Advice from a Brilliant Young Colleague of Mine

Jan 04 2017 Published by under Uncategorized

This post is my attempt to reduce my grumpiness index. I am *so* damn tired of both self-improvement and how to be a better mentor advice. So, look on the bright side, me and Monty Python. I value my colleagues. Young and old. For what I can learn. I may be beyond self-improvement, but not learning.

One untenured colleague, someone who I mentor professionally, came back from a meeting. She was joyful and charged up and filled with both science and professionalism.

She had had some time talking with a slightly older friend who gave her three good bits of advice. While this advice was intended for a someone 2-years pre-tenure, its easy to morph to fit other stages of academic life.

Thus, at a scientific meeting:

1. Are you going up to talk to the people who will likely be writing letters for you? The ones you suggest and ones you know someone else will suggest to the tenure/promotions committee?

This is also true of people on study sections, the people who will be reviewing your paper. In general, it applies to people who will be in a position to render judgment. Yeah, yeah, we are all totally fair and review everything objectively. But unconscious bias also works towards our friends. The people we know. Having a face on a name is generally a good thing.

2. Have you thought about organizing a symposium for this meeting?

I particularly recommend this for mid-career folks. One of the things that promotion to Full Prof  usually entails is demonstration of "national or international reputation" or "national leadership". Organizing a symposium at a national meeting is one way to do this. Furthermore, you get to invite some folks who might, in the future, write letters for you. Let alone there are scientific benefits from talking with people you think are really good and really smart. Who knows where your science will go.

3. Have you talked to your (other junior faculty) friends about getting invited out to give a talk?

This is also good along the lines of putting a face to your name. Other benefits? Meeting big dogs. If there is someone in the department you're going to that you would like to meet, email them in advance and say "hey, I'm coming to town, and I'd really like to meet you". I often don't feel like I have time to talk to speakers, but if someone takes the trouble to email me, of course, I am going to meet with them. Also, these talks, in judicious numbers (not too many) are good at tenure or promotion time.

One response so far

  • EPJ says:

    Thank you for the description of the system and your good advice.

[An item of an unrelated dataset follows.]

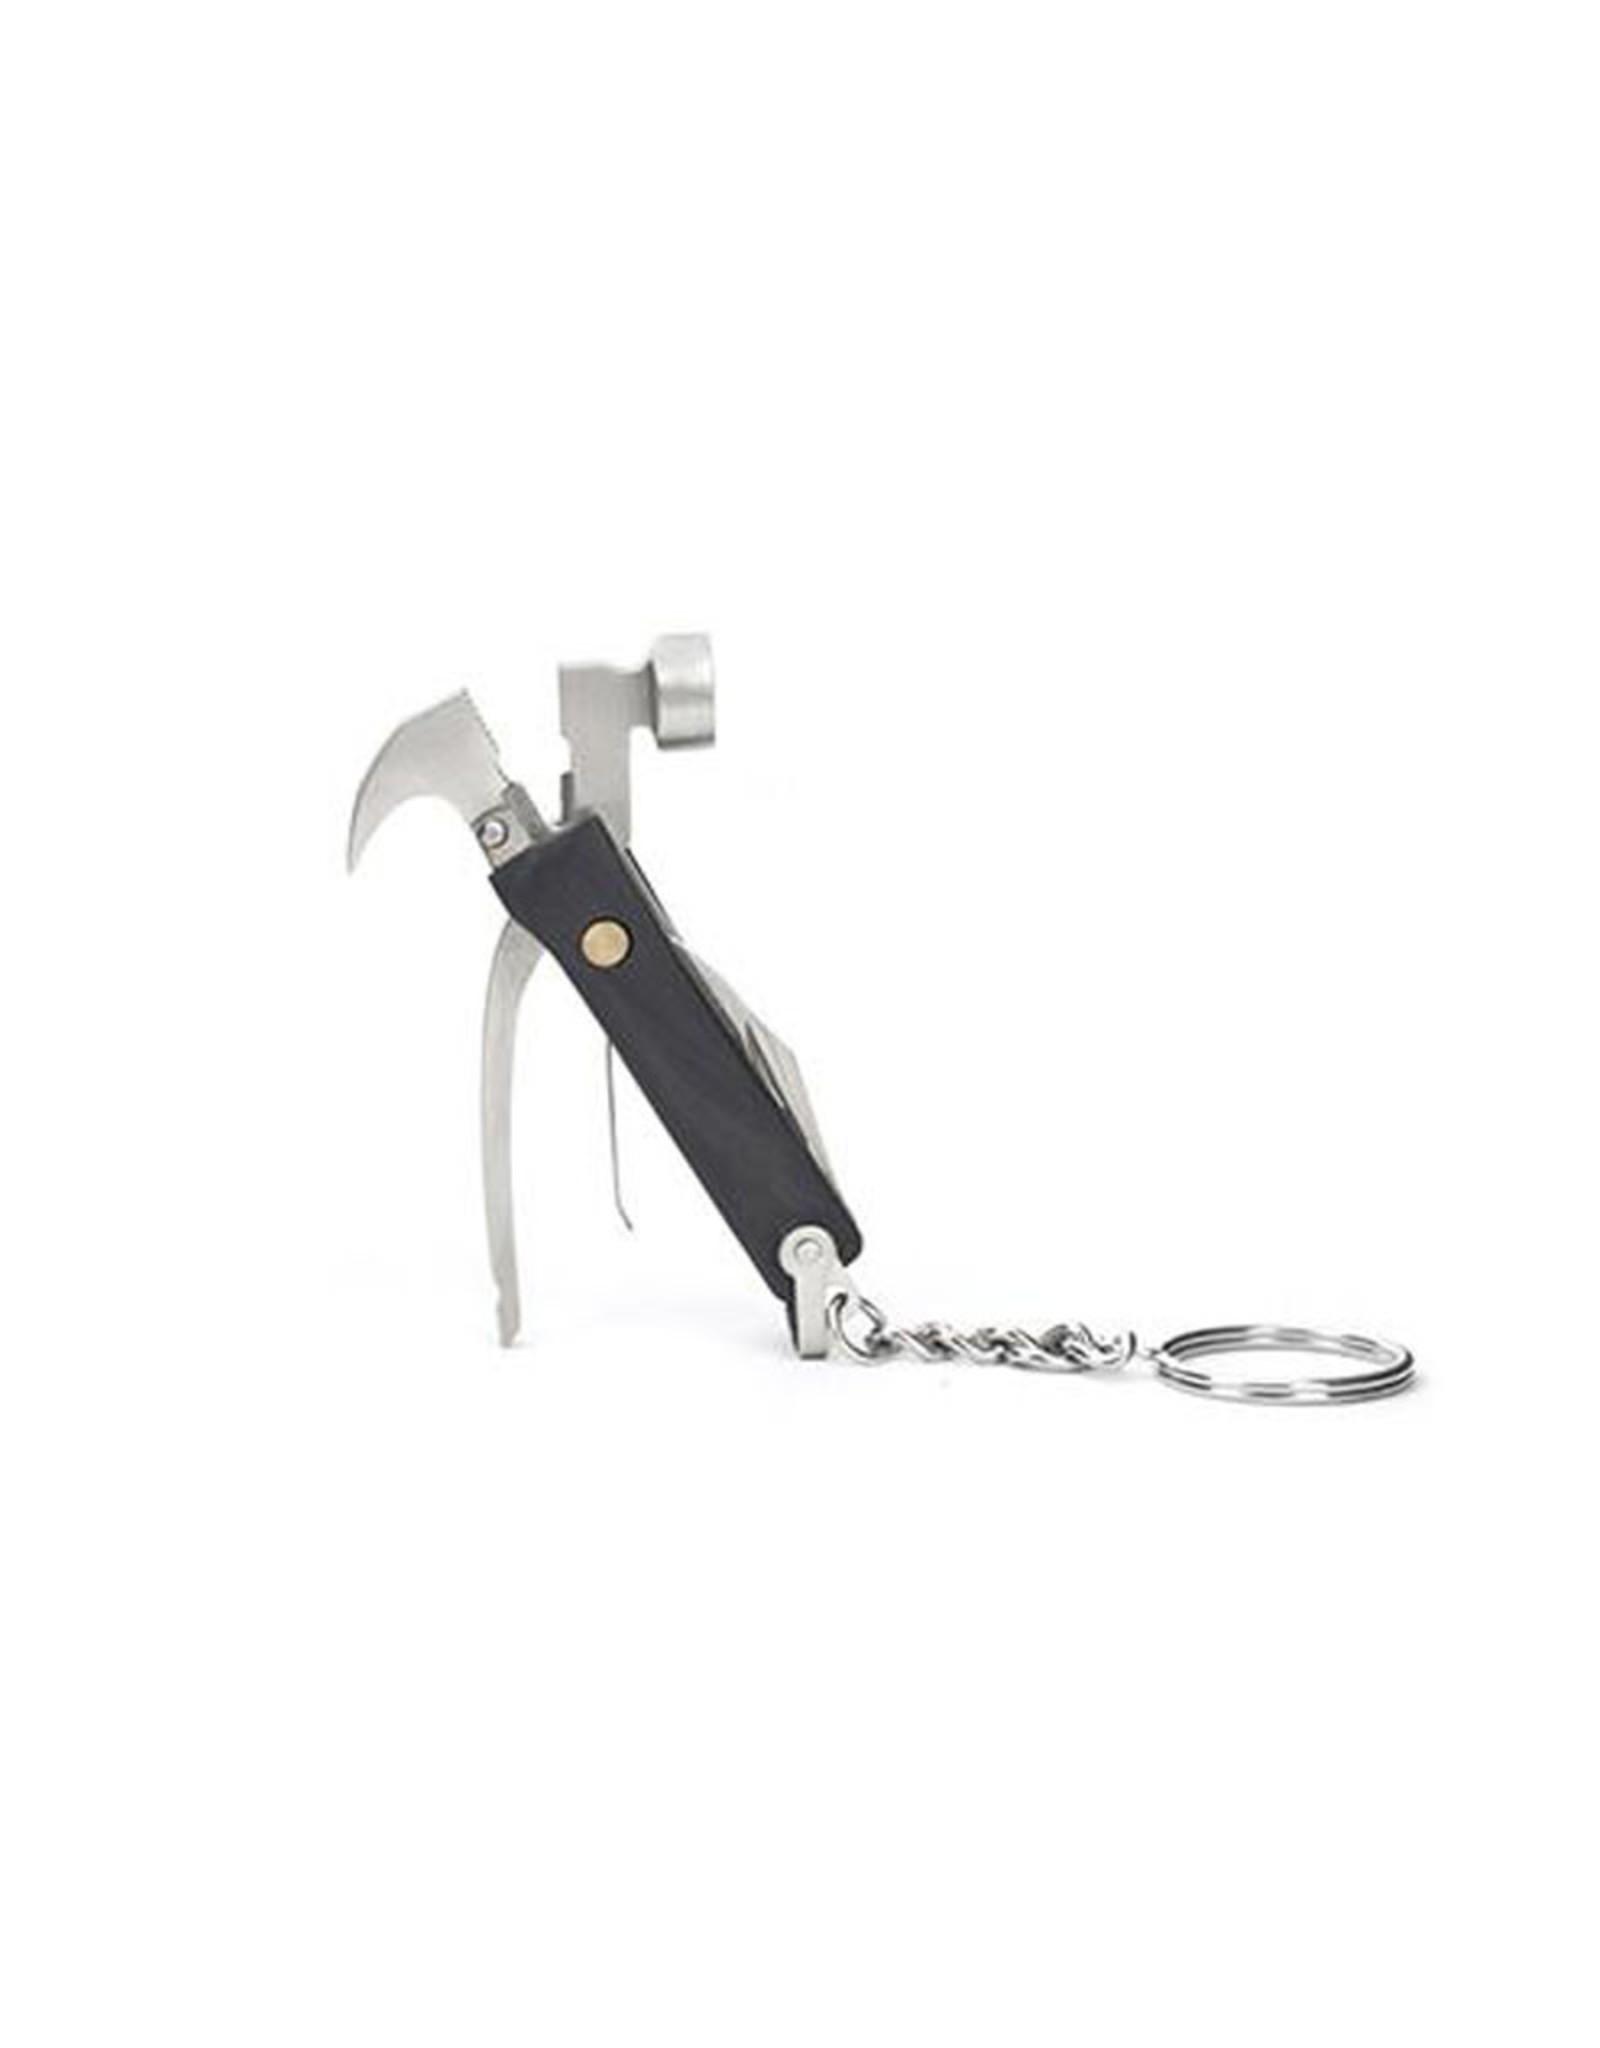 Kikkerland KR13-BK Mini Black Hammer Tool Keychain

    Yeah, the issue of letters of reference is always played, and when you think about it, it is one way to get a better perspective of the scientist, or worker, from diverse colleagues. But the problem would be when that is all that counts, be it by politics or because the work is irrelevant or even perturbing to who knows what interests. And the outcome of that would certainly be that it actually deteriorates what science is for. No?

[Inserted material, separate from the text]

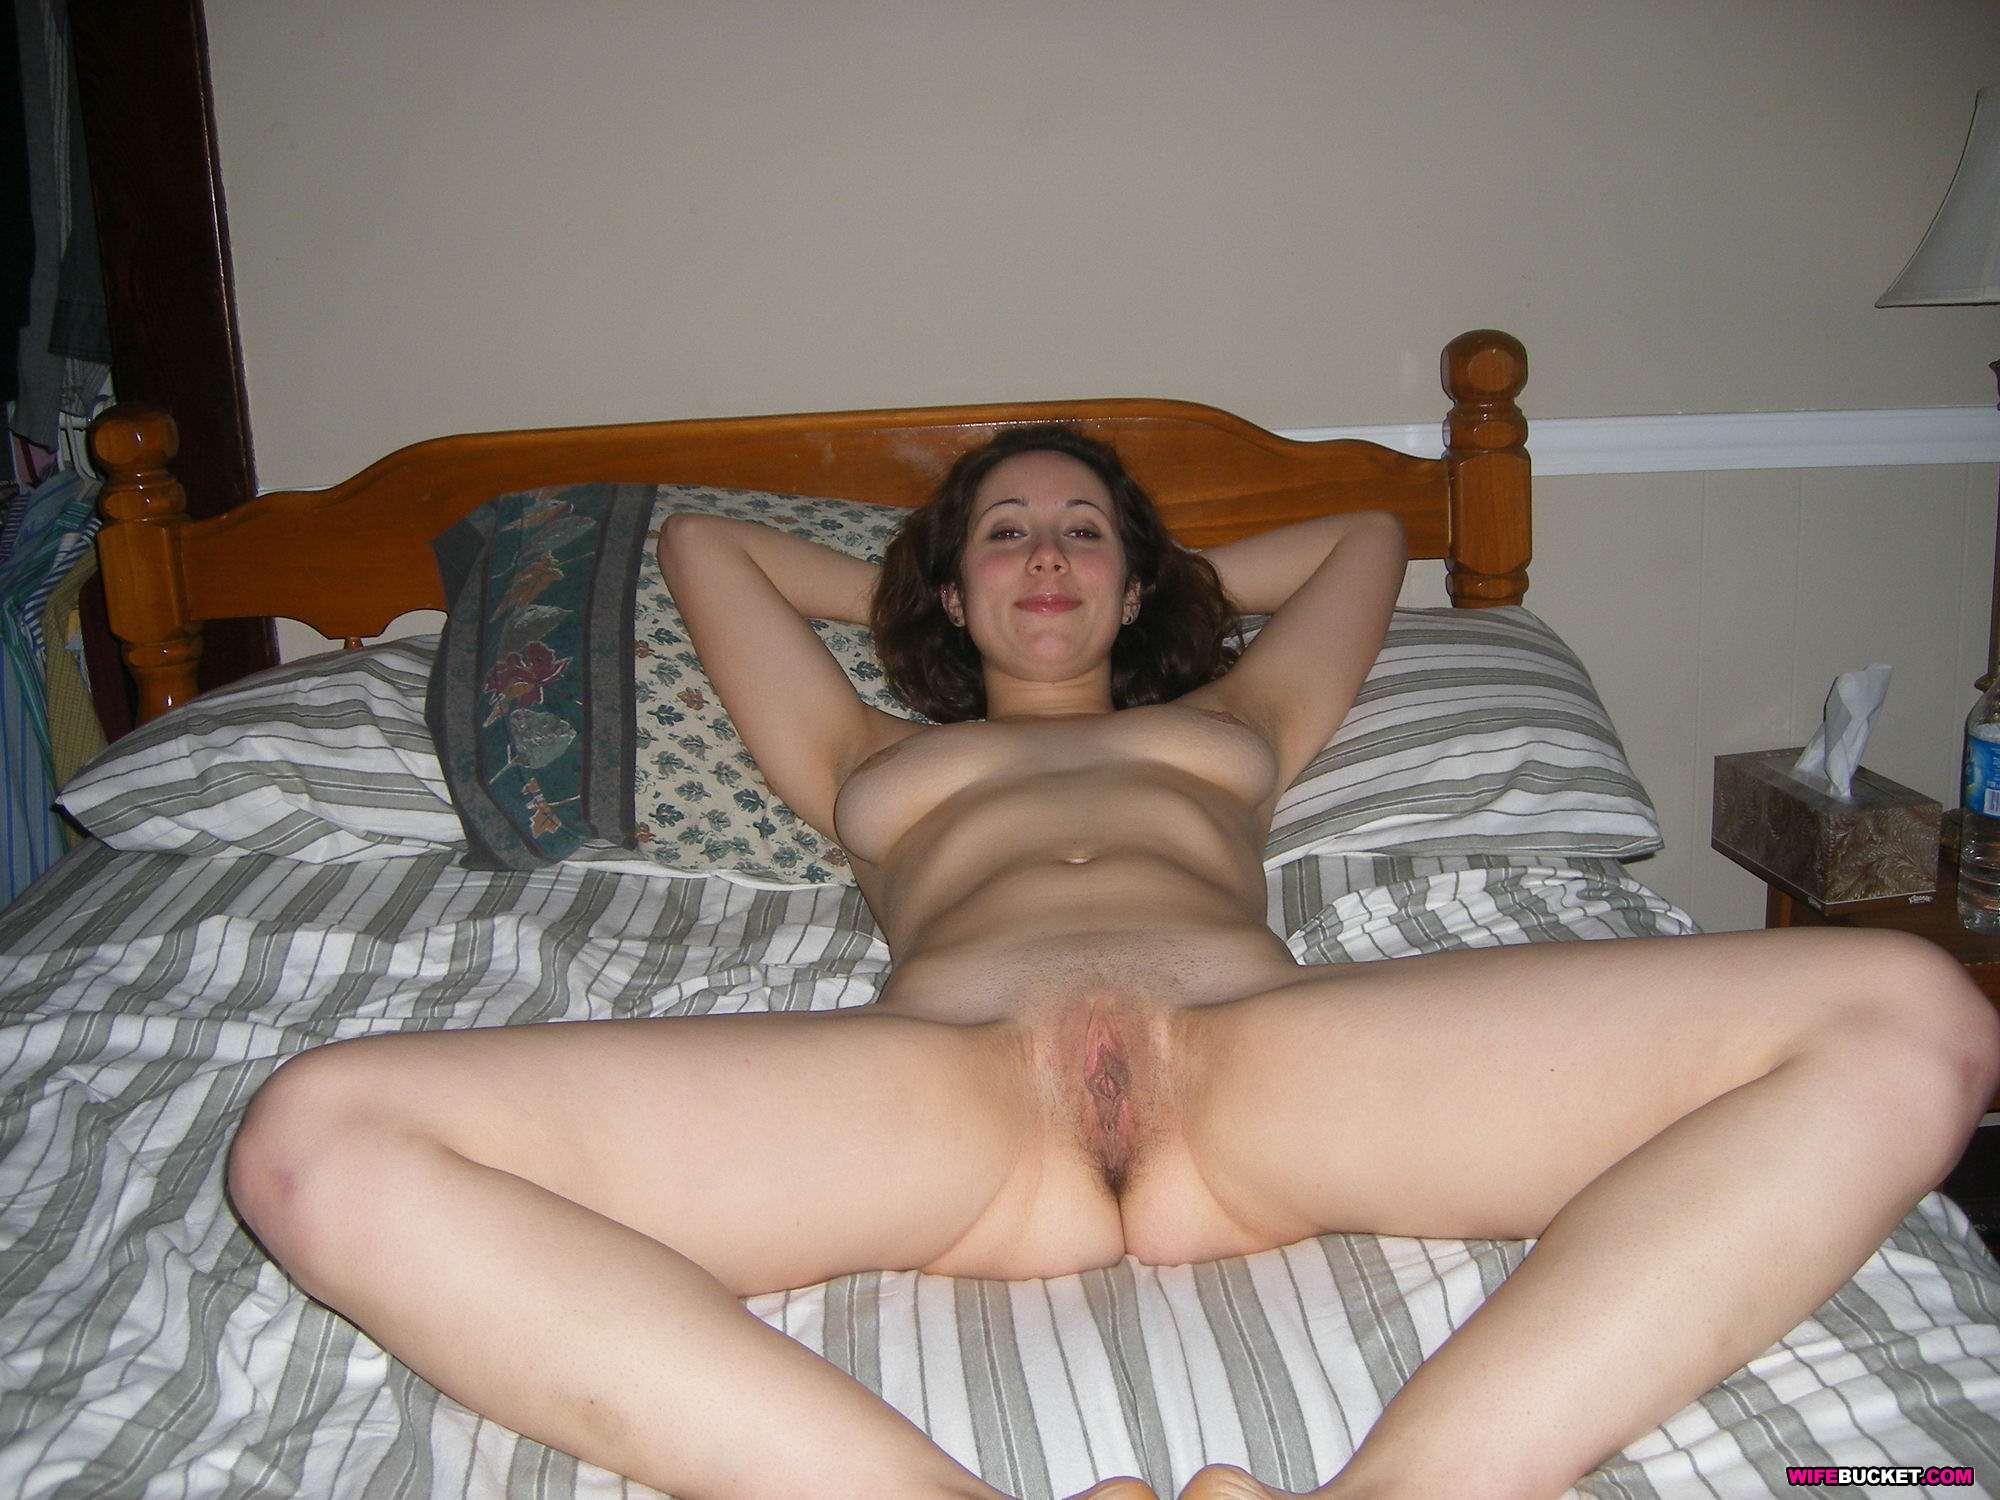 naked girls in stockings fucking condom

    I think meeting 'big dogs' is actually a good thing, because it gives the more junior scientist or any other person that meets them a good perspective of these personalities, particularly when more than one type are met.

    The capacity to organize symposiums should also matter, because it is like an update of the fields of interest and the current leadership there. But it also would reflect the organizer's interest if no other conditions have to be met, like funding, outside interests, etc.

    The paper reviewing process may have the problem of competition, by science criteria and by publication spots, and the fact that is like scientific currency for promotions or just holding on to a position, and because of that you I think you actually find true derailing of important facts than then later on have detrimental effects. It may even reflect international fighting or priorities.

    Invitations to talks and other science activities curiously can be blocked, and that it is hard to even believe. So that there are ample loopholes to complicate what the science umbrella field is rather than a single stick to press.

    I hope you tell us more about the subconscious bias, is it developmentally set?